Source material
--- START ---
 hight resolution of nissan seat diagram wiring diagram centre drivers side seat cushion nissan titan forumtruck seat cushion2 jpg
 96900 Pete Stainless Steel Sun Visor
--- END ---
--- START ---
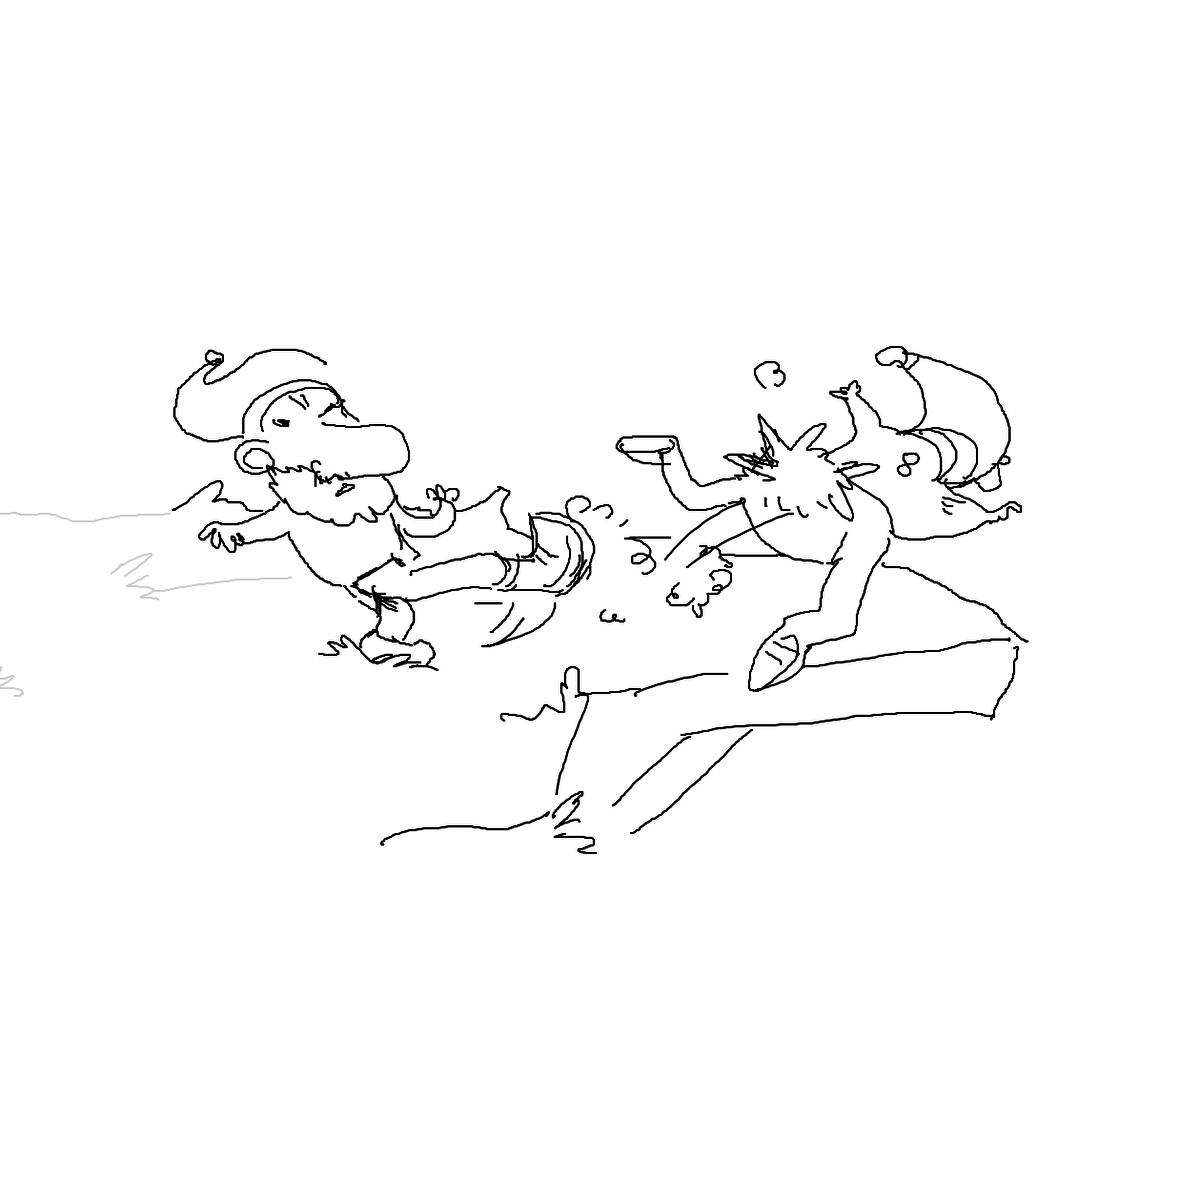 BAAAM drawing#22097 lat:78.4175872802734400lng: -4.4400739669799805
--- END ---
What you will do
Please return the lines above that run from the line containing "hight resolution of" to the line containing "96900 Pete Stainless Steel Sun Visor", inclusive, exactly and with no other lines.

Completed task
 hight resolution of nissan seat diagram wiring diagram centre drivers side seat cushion nissan titan forumtruck seat cushion2 jpg
 96900 Pete Stainless Steel Sun Visor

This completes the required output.